··· Collected data

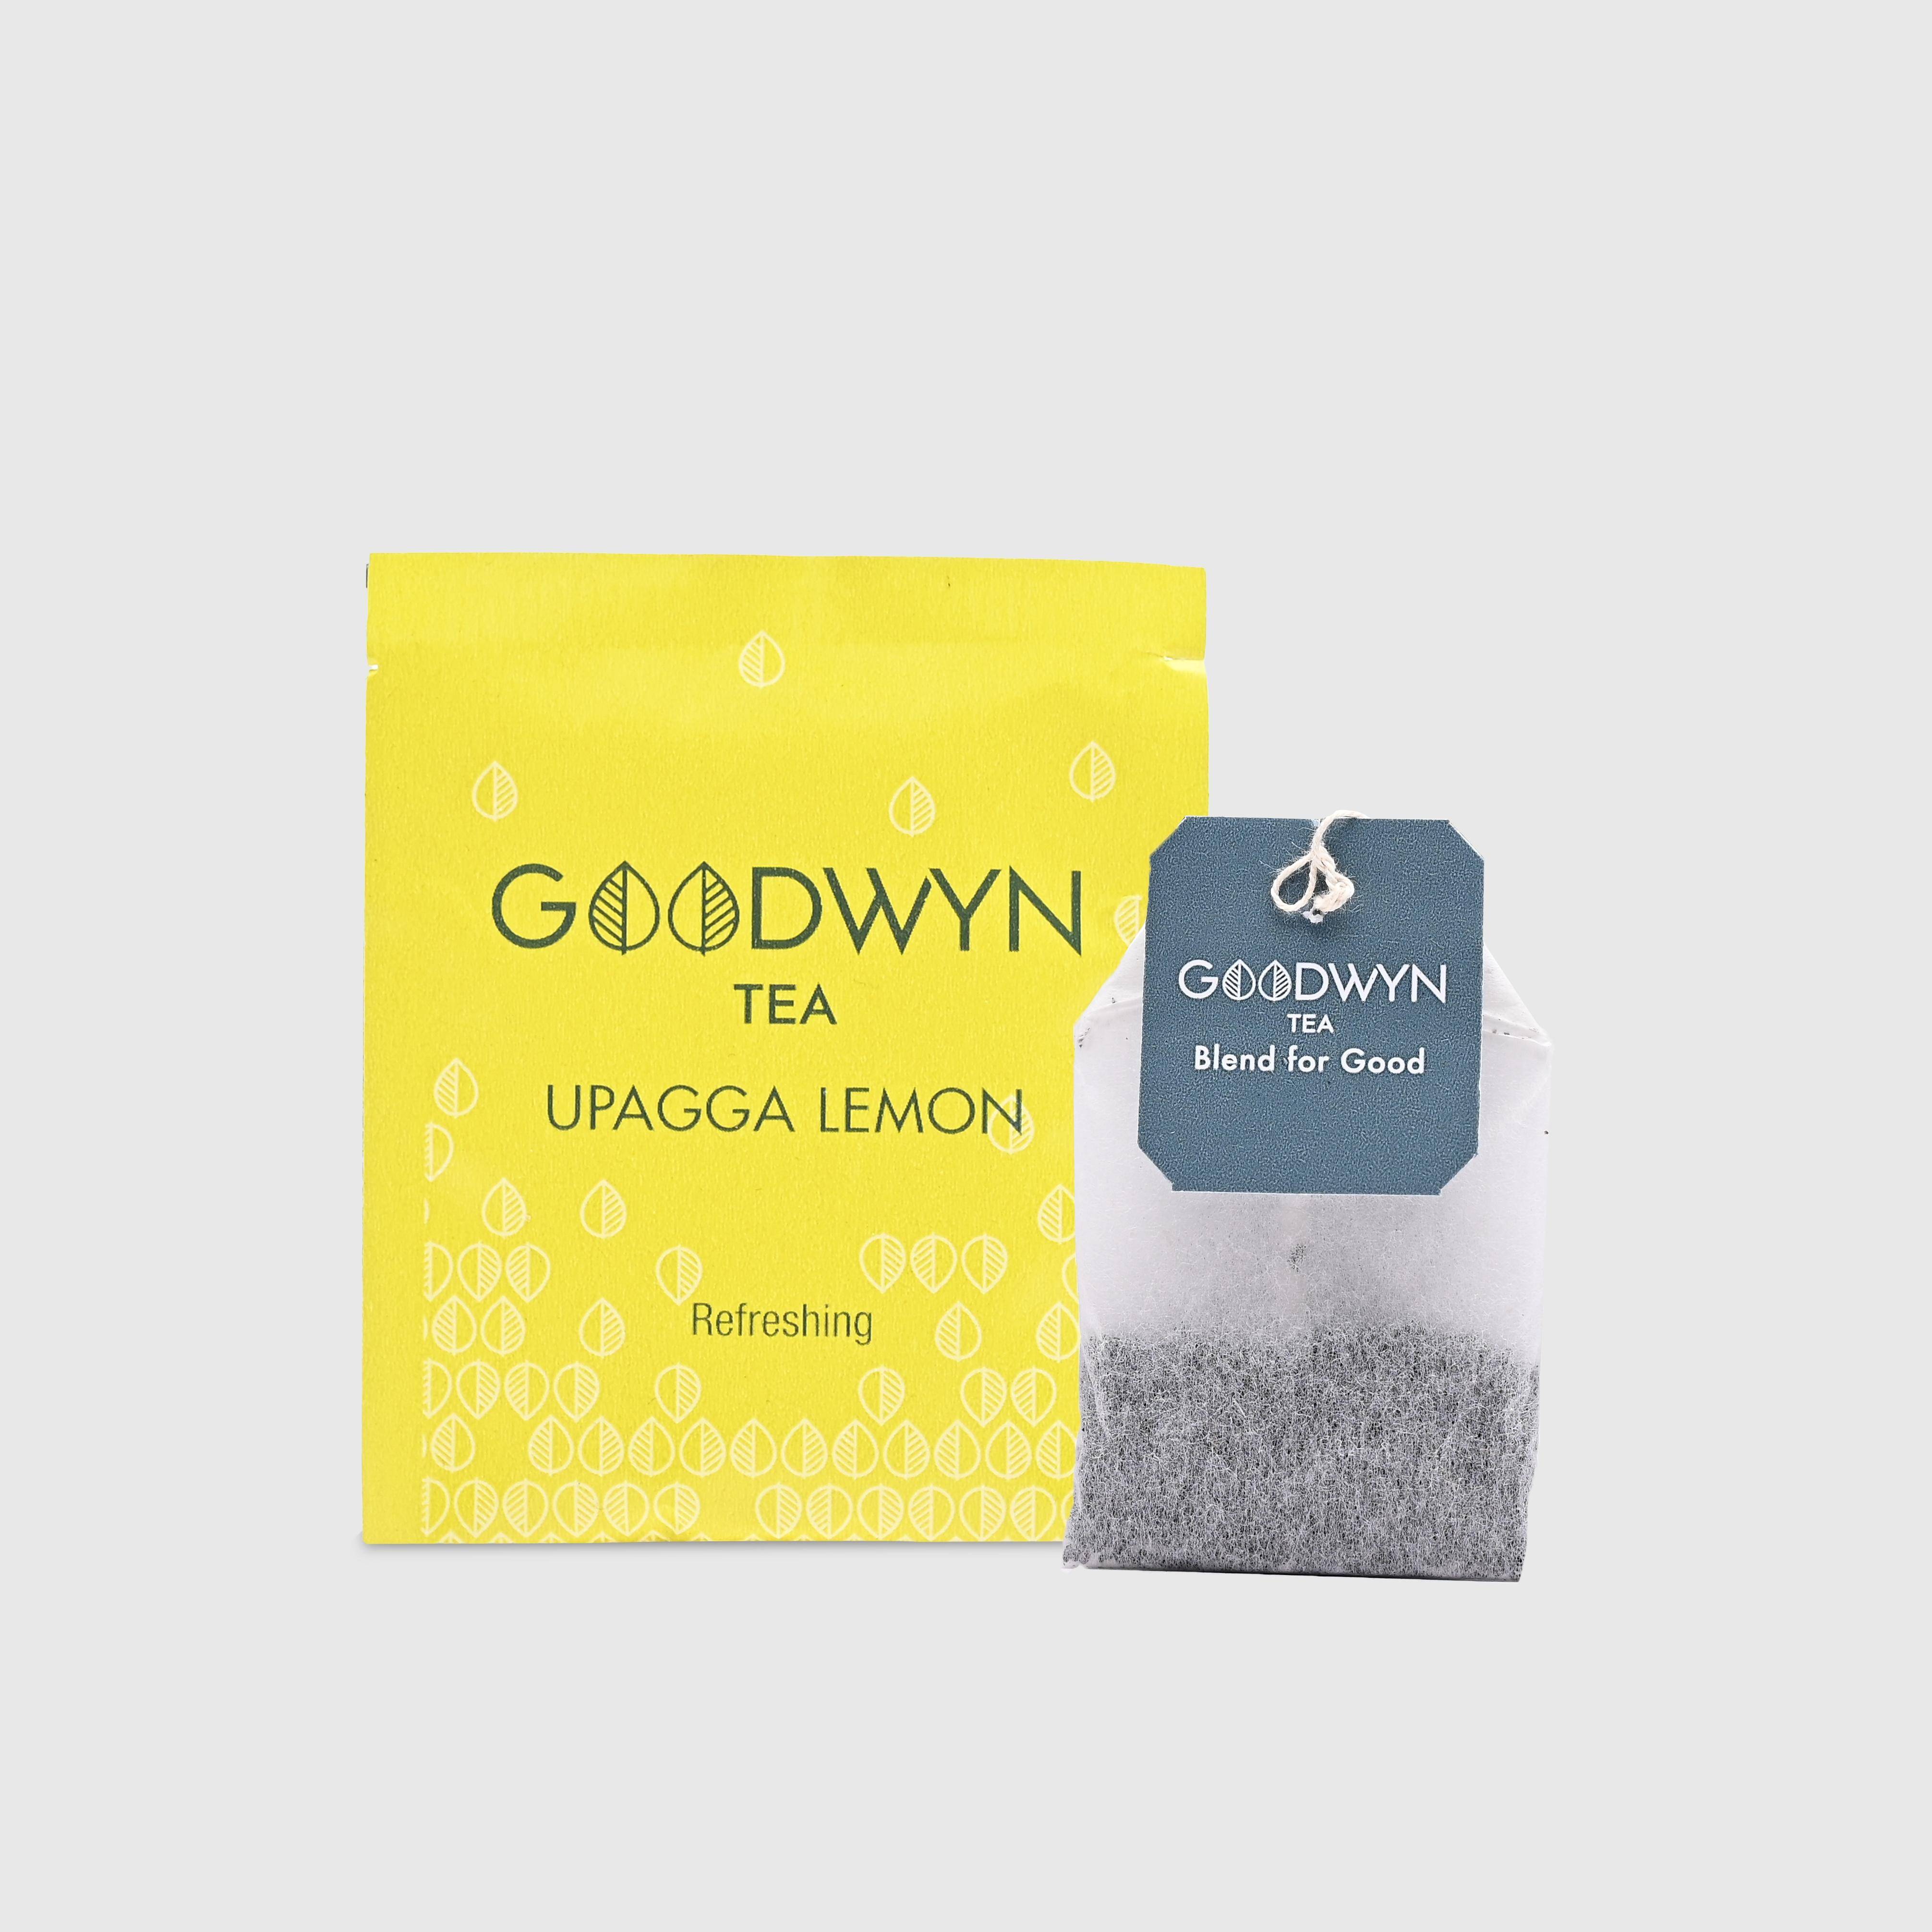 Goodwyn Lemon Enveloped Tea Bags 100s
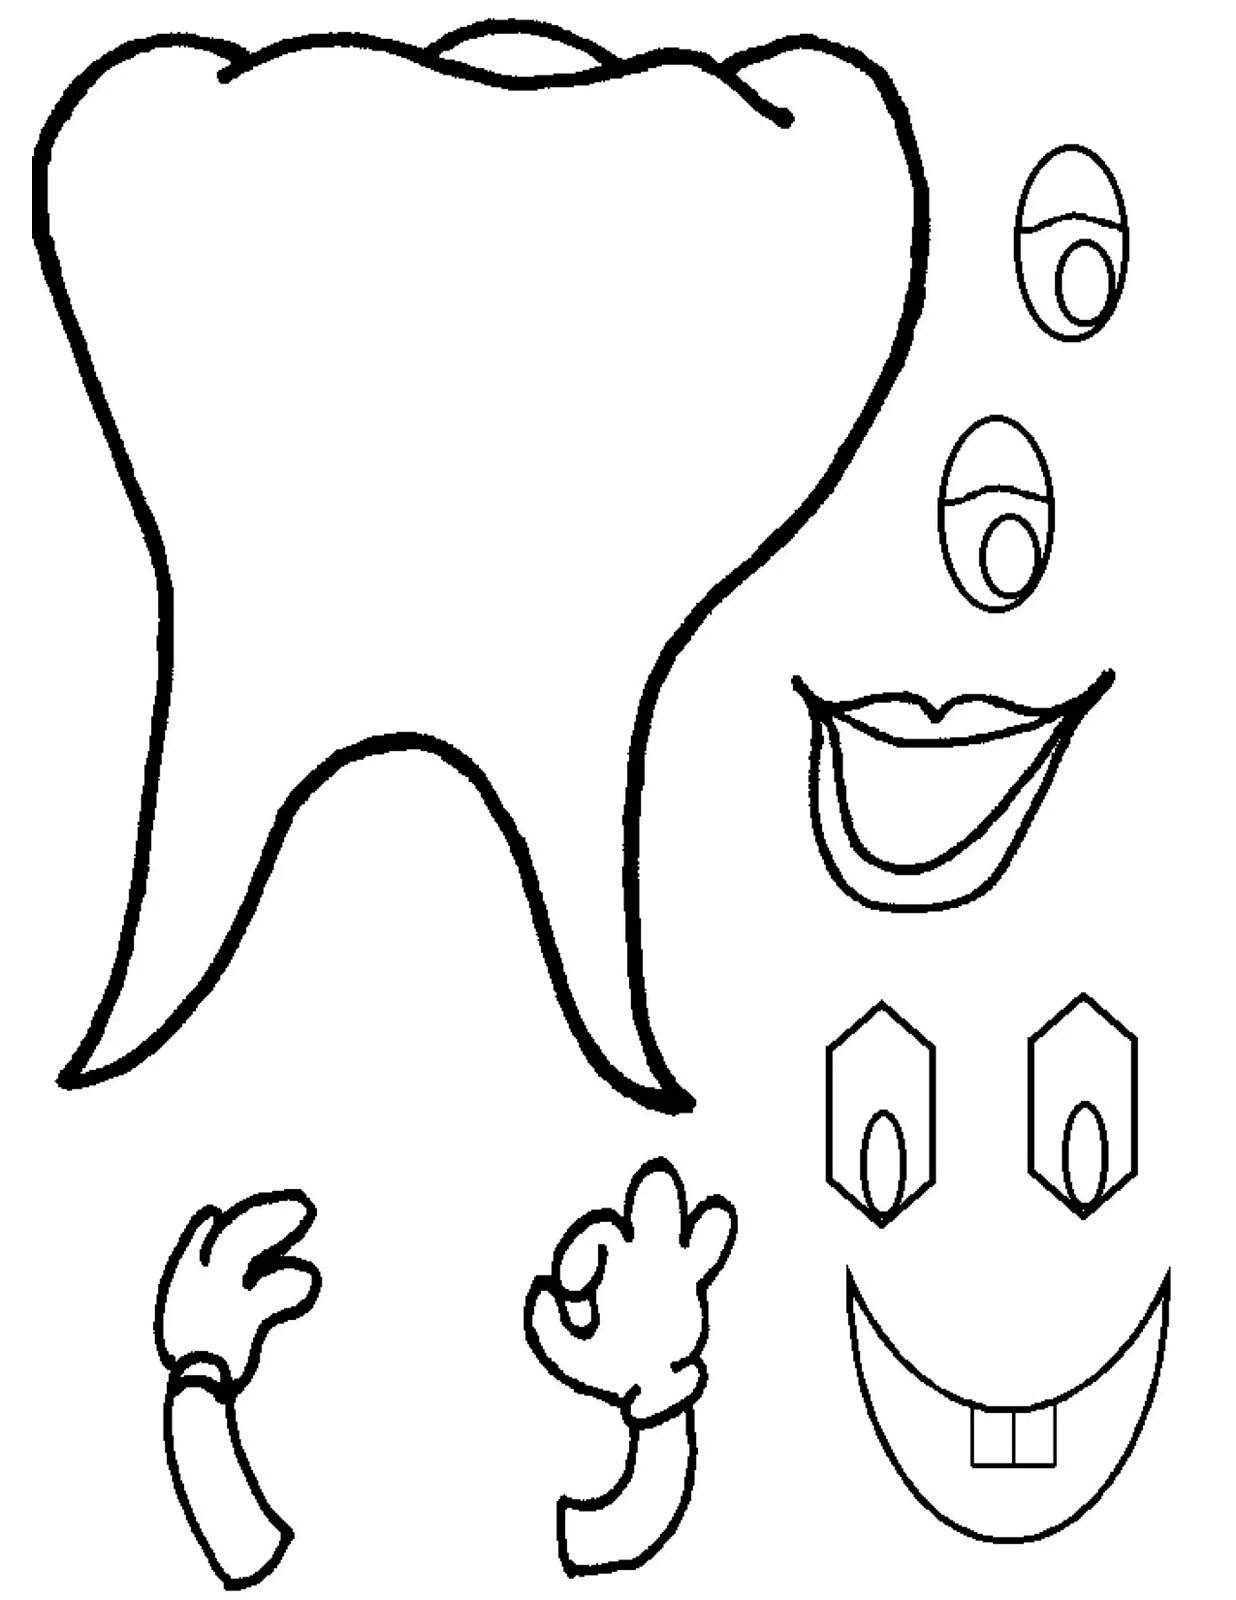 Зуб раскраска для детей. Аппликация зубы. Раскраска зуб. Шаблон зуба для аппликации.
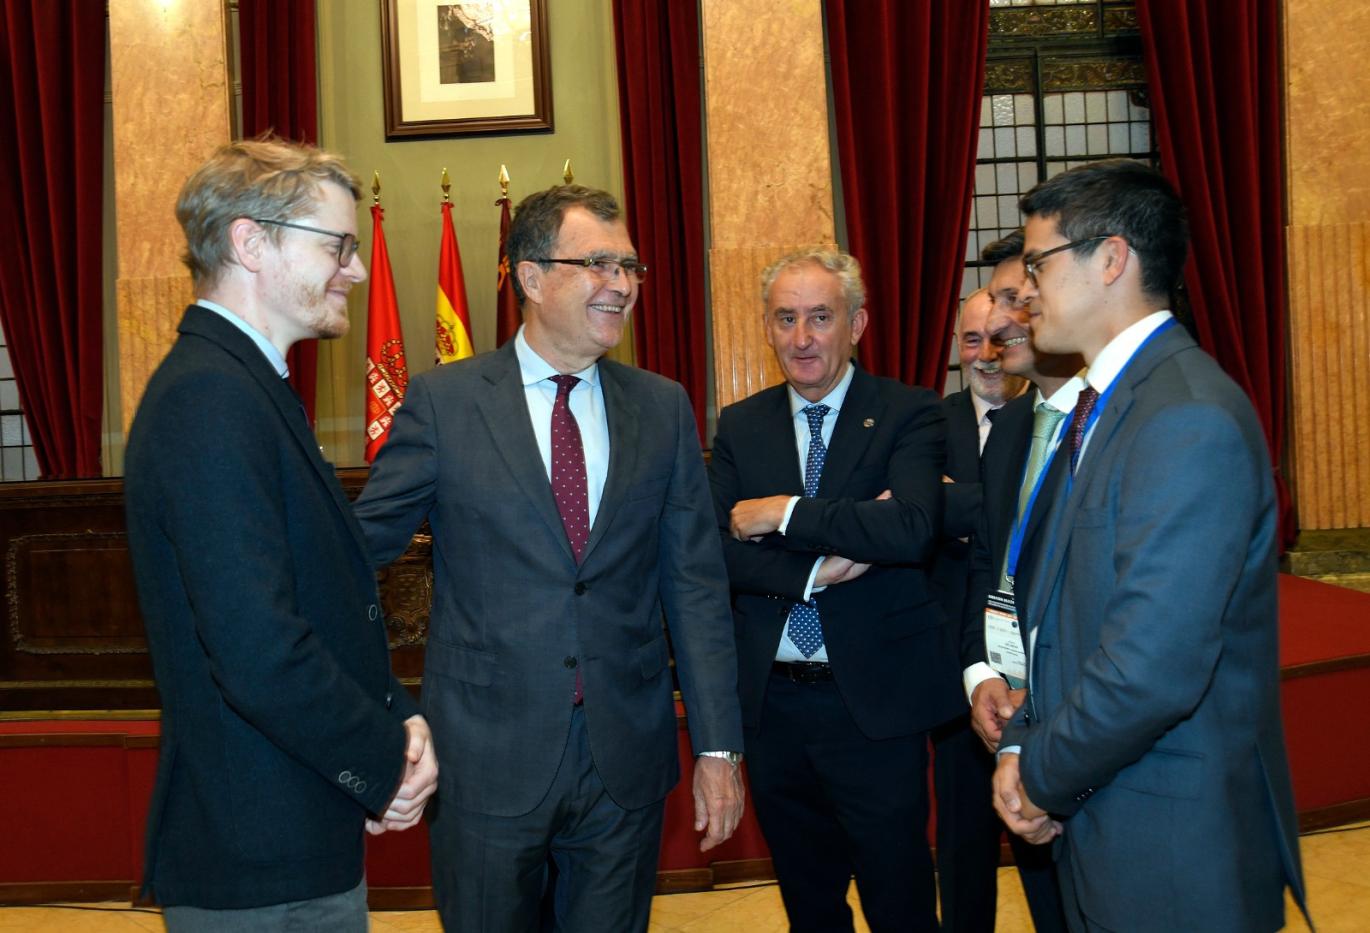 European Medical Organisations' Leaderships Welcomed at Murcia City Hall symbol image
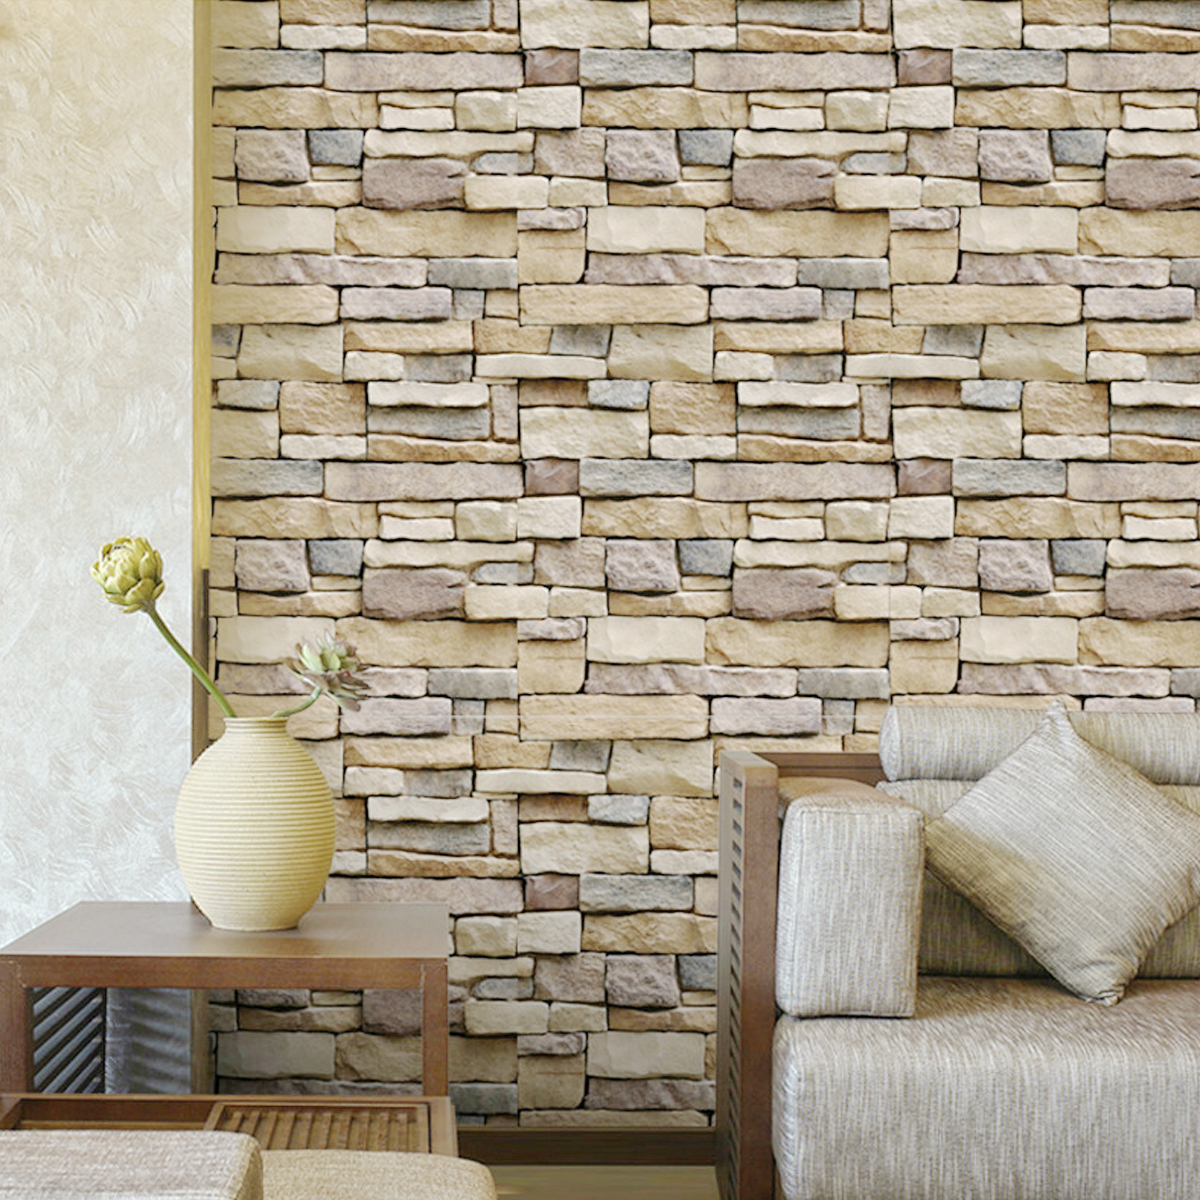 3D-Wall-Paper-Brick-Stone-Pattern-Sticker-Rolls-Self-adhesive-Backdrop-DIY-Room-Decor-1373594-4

······

• _Task goal_
Once the line with "Зуб раскраска для" is found, write out that line and every later line of the listing above exactly, through the last one, and skip any pictures.

• _Solution to this task_
 Зуб раскраска для детей. Аппликация зубы. Раскраска зуб. Шаблон зуба для аппликации.
 European Medical Organisations' Leaderships Welcomed at Murcia City Hall symbol image
 3D-Wall-Paper-Brick-Stone-Pattern-Sticker-Rolls-Self-adhesive-Backdrop-DIY-Room-Decor-1373594-4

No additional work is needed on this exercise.